Every lift has limits to making athletes better. No way would doing a olympic lifting program make random basketball players into hordes of Lebron James. Tim Grover would not have had Michael Jordon score 45 points a game if he had him train like some Bulgarian lifter in the 1980s. On the other hand we need to see why some exercises have some trends and benefits before removing them. I read Brijesh Patel’s article and it was clear that he found that the cleans he was using was not working in getting his athletes to jump higher. Unfortunately this can be true as getting the numbers higher doesn’t mean much in sport. I can teach my guys to be more skilled and catch lower and it could add 20 pounds, but power may not be increasing. Yet I would love a few more questions and data sets to make a logical conclusion as a reader. The only data I see is 25 pounds on the clean and dates of training. This is not enough for me for agreement. We must show the data and not tell without solid evidence.
Lifting should support the sprinting and agility in sports, and when athletes are not improving at rates that are normal or beyond, one must look at the program first, before looking at the exercises. I have shared my averages to what I think transfers. A 172 pound triple jumper may not get much going from 185 to 210 in the clean, as I feel that the lift makes an impact near 1.3 x body weight.

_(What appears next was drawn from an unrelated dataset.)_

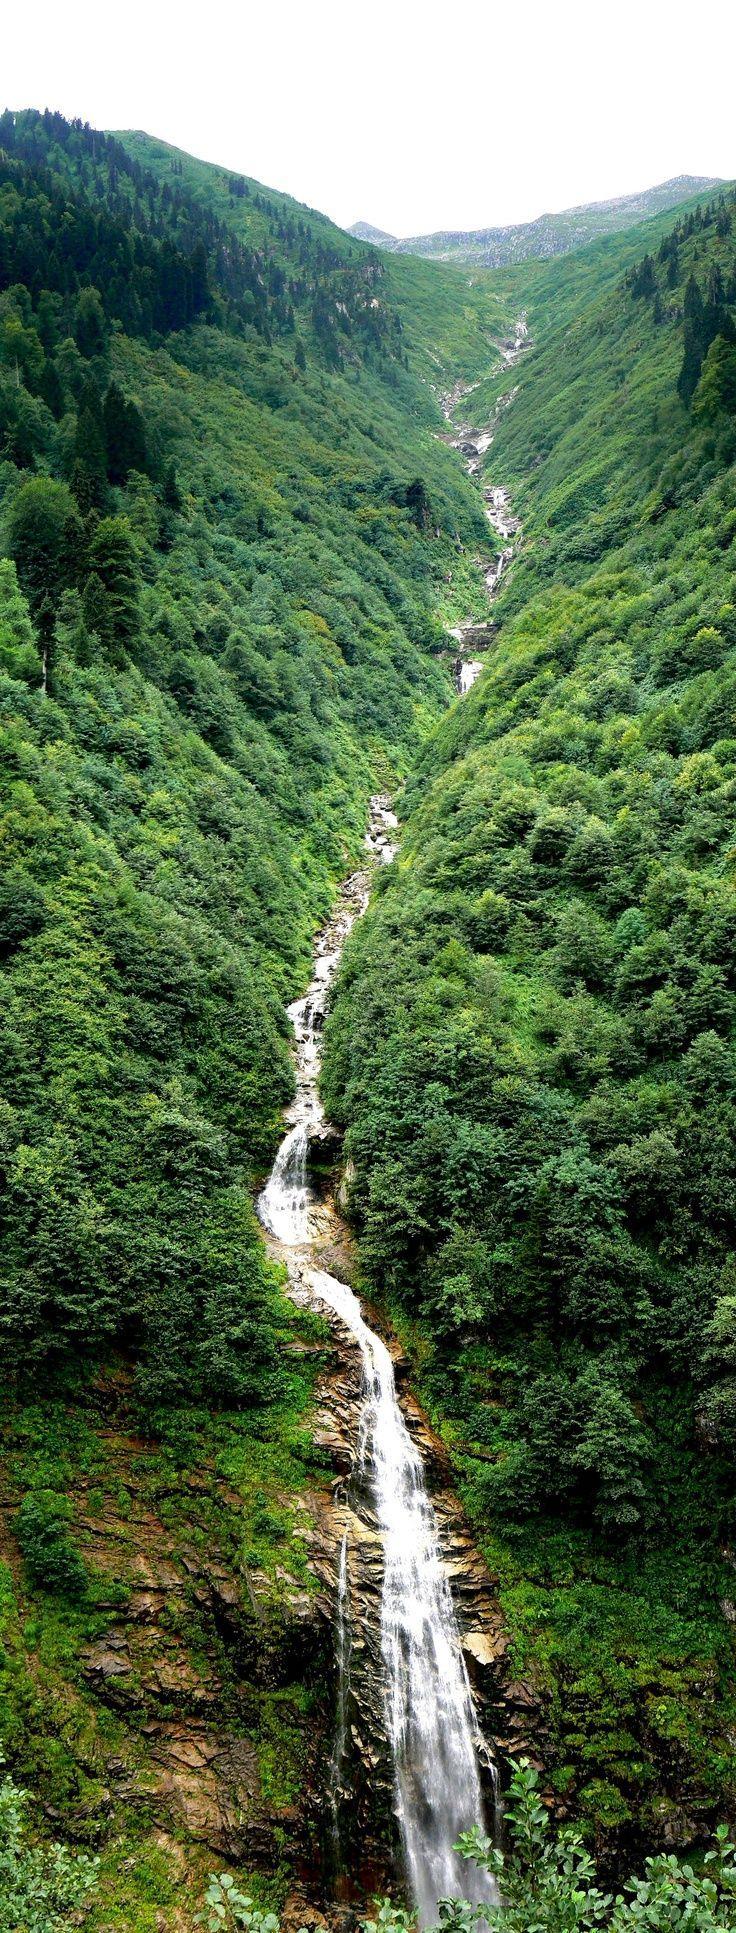 Waterfall at Ayder Yaylası – Rize,Turkey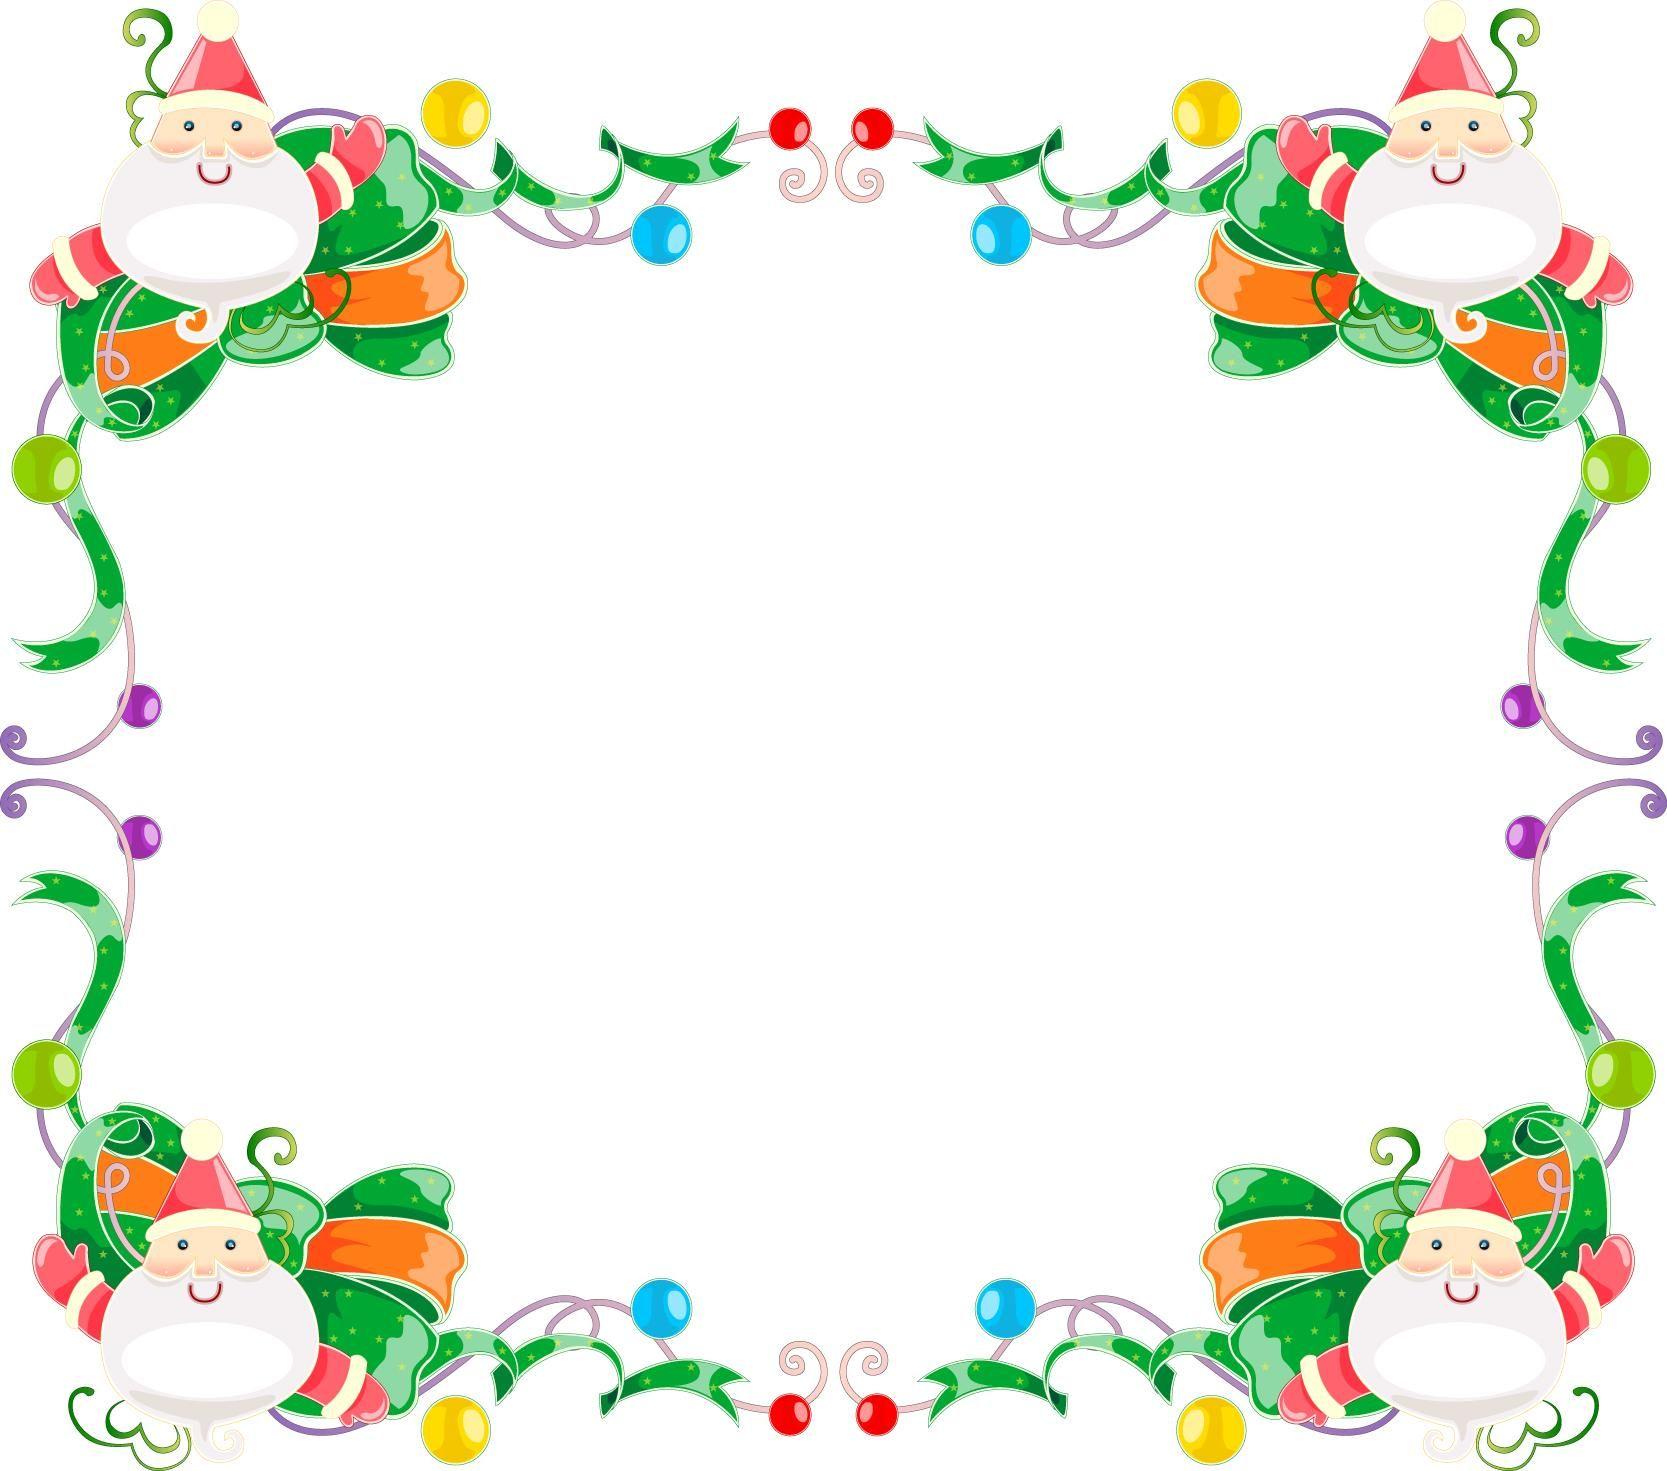 Christmas Border Design.Xmas Border Designs Mikulas Santa Claus Free Christmas

In fact 1.5 or higher seems to be the zone that coaches see some noticeable change. When I see facebook updates of 335 pound cleans I don’t’ get excited when they are linemen. What is the context?
Then we have execution of the lift, something hard to see without solid video of everyone, not just the stars, do over and over again. Is the bar trajectory close to the center of the athlete? I have seen many lifters adopt a technique with the bar rolling away in a loop because the movement was very low back dominant and the COP (center of pressure) was near their toes at the wrong time. Getting the numbers up to even the right ratio may not matter. For me to decide I would have to see solid video, not just verbal summary.
I find that it’s strange that full lifts were not considered after deadlifting and rack pulls were used to create the changes. People have gone to hang exercises (or boxes) but forget that lifting from the floor has unique muscle recruitment patterns that engage in muscle groups people are so desperately activating. The hang position only is not a problem, but one has to consider the differences of the lift because while they have some general qualities, each exercise does have mechanical considerations.
Then we have the program itself. Is it one bad ingredient or just the recipe? I am not saying that the program isn’t good or bad, I will never know. Just like Yale winning a D1 Hockey championship with the men having years of intensive olympic lifting, the program is not hurting the team’s success. If only they removed the olympic lifting they could be dominating for the next ten years? Unlikely. To say including a lift is a magic bullet is not true, but clearly it’s not holding them back.
In summary, people should not crucify anyone for a program that doesn’t include the olympic lifts, but teams should not see the exclusion of them as a sign of enlightenment. The clean didn’t’ work for him in his program and that may be true, but after seeing them work for myself and other colleagues I think it must be said that it’s not a direction that must be followed by everyone.